Ever since landing in Auckland, I’ve noticed an absolute obsession with merino clothing. I mean absolute obsession. People will post on clothing resale sites that they are looking for certain types of clothing, but only if it is 100% merino. In the spirit of exploring all things New Zealand, I decided to purchase a couple of merino tops to see what all the hoopla is about.
I intended to purchase three tops, but the low-end version I thought might work was so incredibly cheap and flimsy that I couldn’t bear to spend any money on it. (Sorry, Glassons.) I ended up with two different shirts from different price points, one, from Icebreaker and one from Max.
Icebreaker - I purchased a black Valley Slim Crewe Sweater which sells for NZ$179 (or about US$122). Icebreaker is a New Zealand company that started out focusing on outdoor apparel made from natural fibers. The shirt I selected isn’t an outdoorsy-athletic top. It’s nicely ribbed and could be paired with jeans or a cute skirt for an every day look. It is quite long, so I plan on wearing it with leggings and either a big chunky sweater jacket or faux fur vest.
Max - I purchased a dark green Merino Crew Neck Top which sells for NZ$69 (or about US$47). Max started in Auckland in 1986 and focuses on trends and basics. It’s a step above Zara or H&M, perhaps akin to a J. Crew, but without the preppy emphasis. This shirt is much simpler. It could be a stand alone top, or it could work as a warming underlayer, almost like long johns.
I have two issues with these shirts. First, they are itchy. I just don’t understand why people want this scratchy, harsh fabric next to their skin. Even the smoothest, finest merino has some scratch to it. What’s up with that? Why not wear silk long johns under clothes instead of this itchiness? Second, they are like velcro. The tiniest thing sticks to both, whether it be a stray hair or crumb. I feel like I need to walk around with a lint roller.

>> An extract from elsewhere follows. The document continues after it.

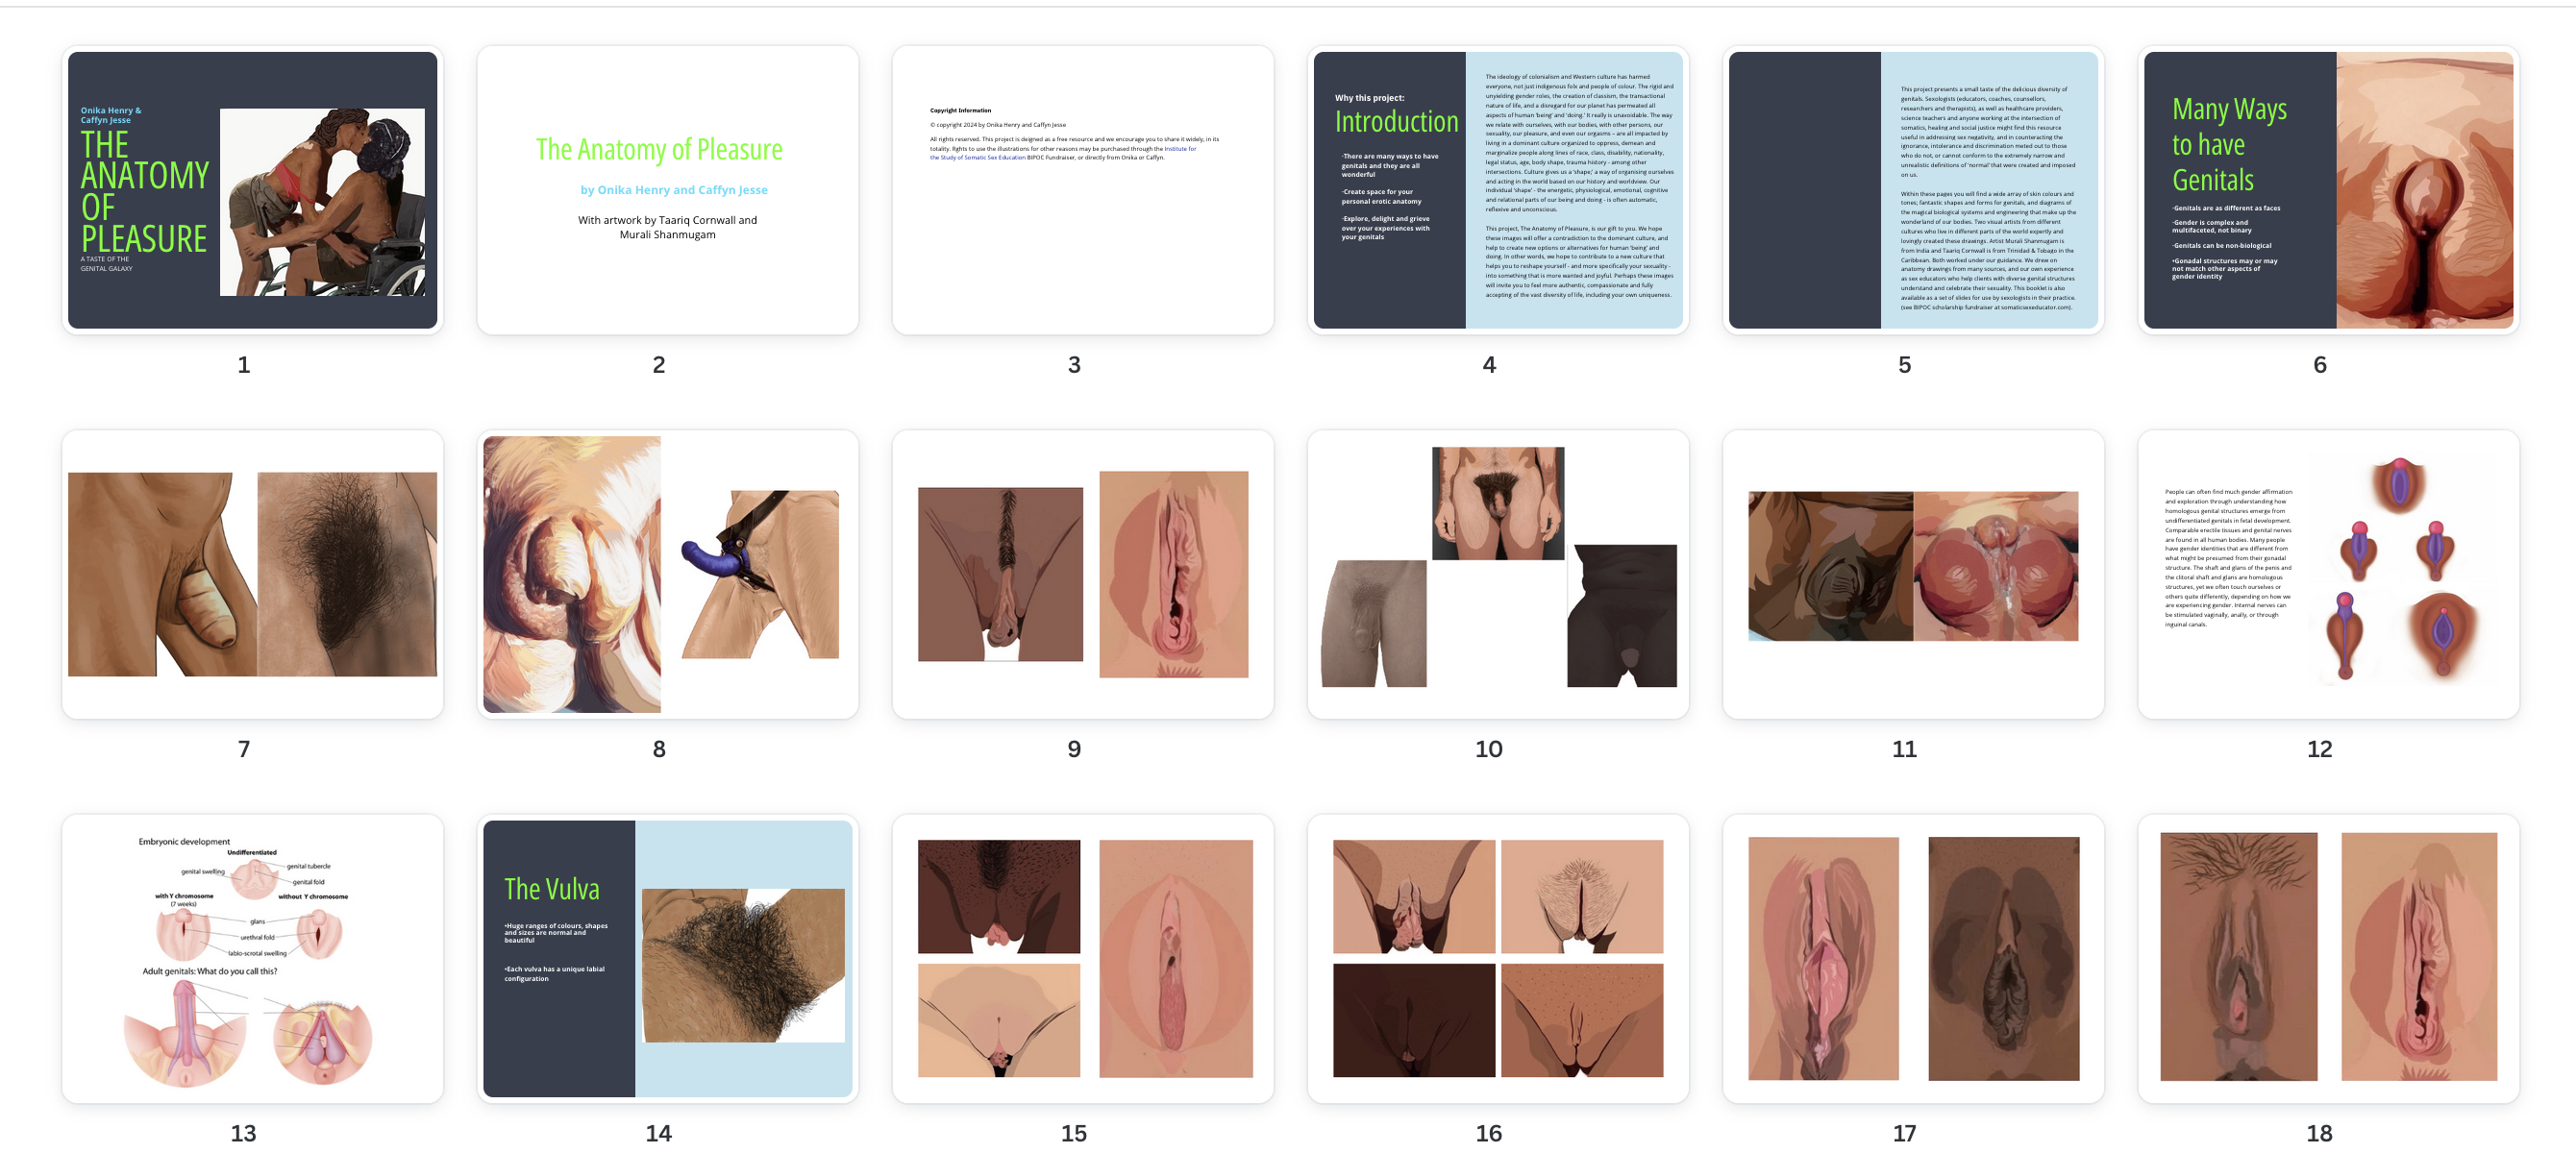 genital anatomy drawings
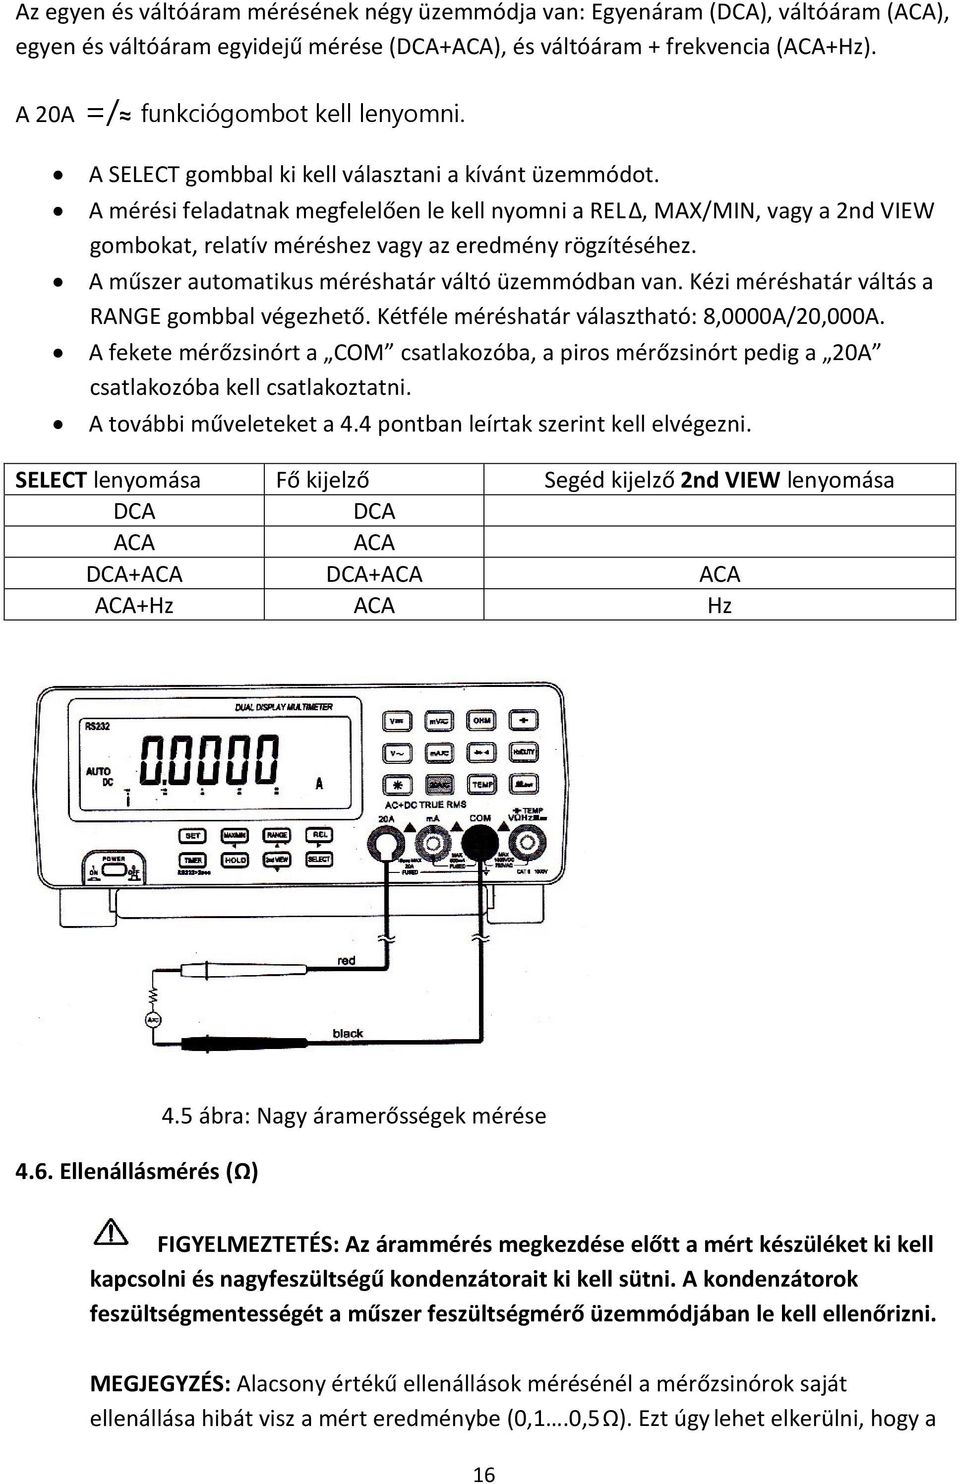 A mérési feladatnak megfelelően le kell nyomni a RELΔ, MAX/MIN, vagy a 2nd VIEW gombokat, relatív méréshez vagy az eredmény rögzítéséhez. A műszer automatikus méréshatár váltó üzemmódban van.

Of the two, the Icebreaker is clearly my favorite. It is less itchy and is better as a stand alone piece. The thin Max option is fine as a thin layering piece, but it really needs something over it, like a cute jacket or a cardigan, to really work.
Does anyone know the secret to making merino a comfortable, wearable fabric? I really want to understand this Kiwi obsession!